The second maverick Hill focused on was Supreme Court Justice Ruth Bader Ginsburg, whose dissent from the 2013 U.S. Supreme Court ruling in Vance v. Ball State University set in motion a rethinking of the meaning of a hostile workplace environment. Although the 5-4 decision rejected a Black cafeteria worker’s Title VII claim, linking employer liability to the harasser’s status as a co-worker rather than a supervisor, Ginsburg’s dissent “called out the majority for not understanding how everyday harassment can turn an employee’s workplace into living hell,” Hill said. “Justice Ginsburg also called on Congress to correct the Court’s weakening of Title VII and restore the robust protections the law was intended to offer.”

Hill tied these legal milestones to the recent Senate confirmation hearing of Supreme Court nominee Judge Ketanji Brown Jackson, which Hill views as “… as a spectacular failure of our confirmation process.” She had voiced similar concerns in recent interviews with CNN, the New Yorker and other major outlets.

Hill called the Jackson hearings “a wake-up call for us to demand that the Senate judiciary committee revise its policies and procedures.”

In a follow-up question after the talk, a first-year student probed for specific reforms that could make judicial confirmation hearings less “dysfunctional.”

Hill responded: “I think we need a process that, at the very least, governs the kind of questioning that can happen. The badgering of witnesses is not allowed in our federal courts. Why should it be allowed in the judicial confirmation process?”

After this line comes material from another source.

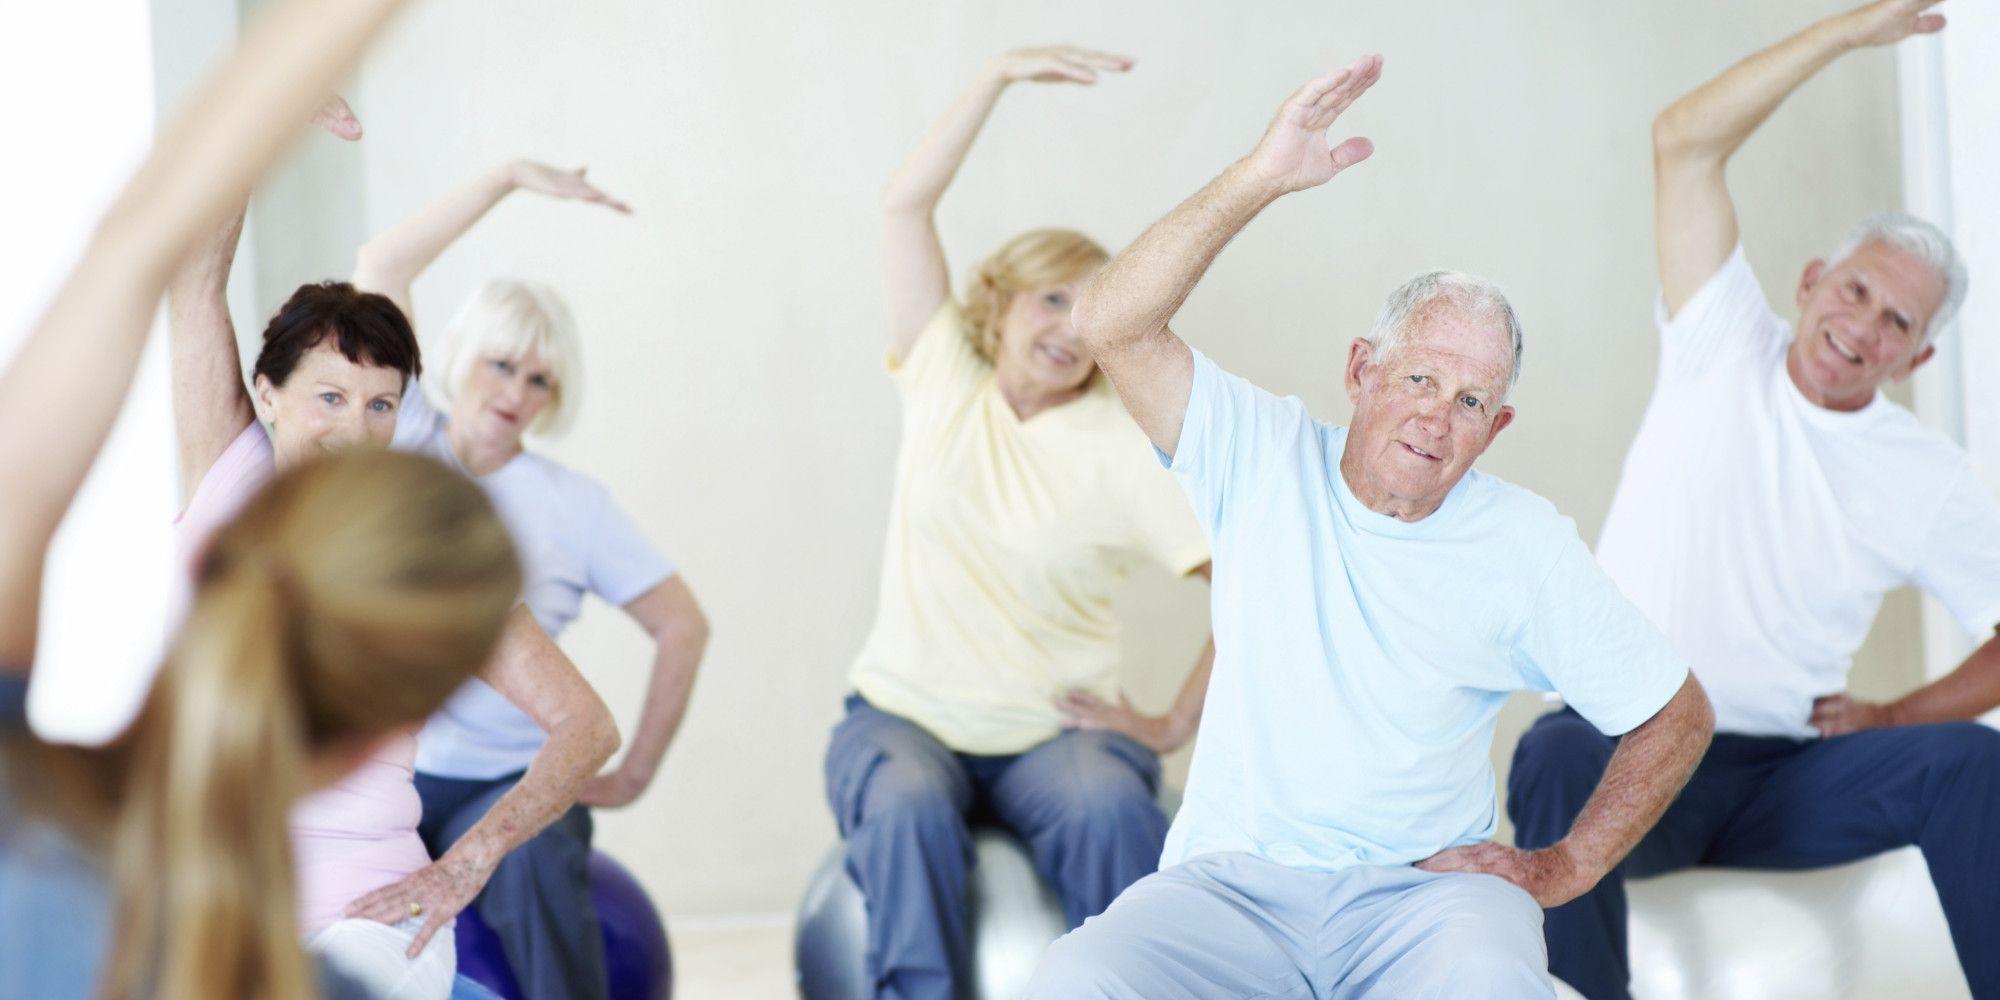 Οι ασκήσεις χαλάρωσης, η γιόγκα αλλά και η πεζοπορία, είναι ήπιες σωματικές δραστηριότητες κατάλληλες για τα άτομα της τρίτης ηλικίας.

A sophomore student asked how Hill proposed to effect societal change given the average American’s reluctance to learn about critical race theory, structural inequality or sexual harassment in the workplace.

“Elementary school is a primary place to start,” Hill said. “The messages that we give children when they experience or exhibit violent behavior is: ‘boys will be boys.’ When we tell girls that they should accept or be flattered by bad behavior because it means the boy likes them, that’s teaching all kinds of bad things. It also teaches the boys that this is an acceptable way to show affection. We can stop that messaging.”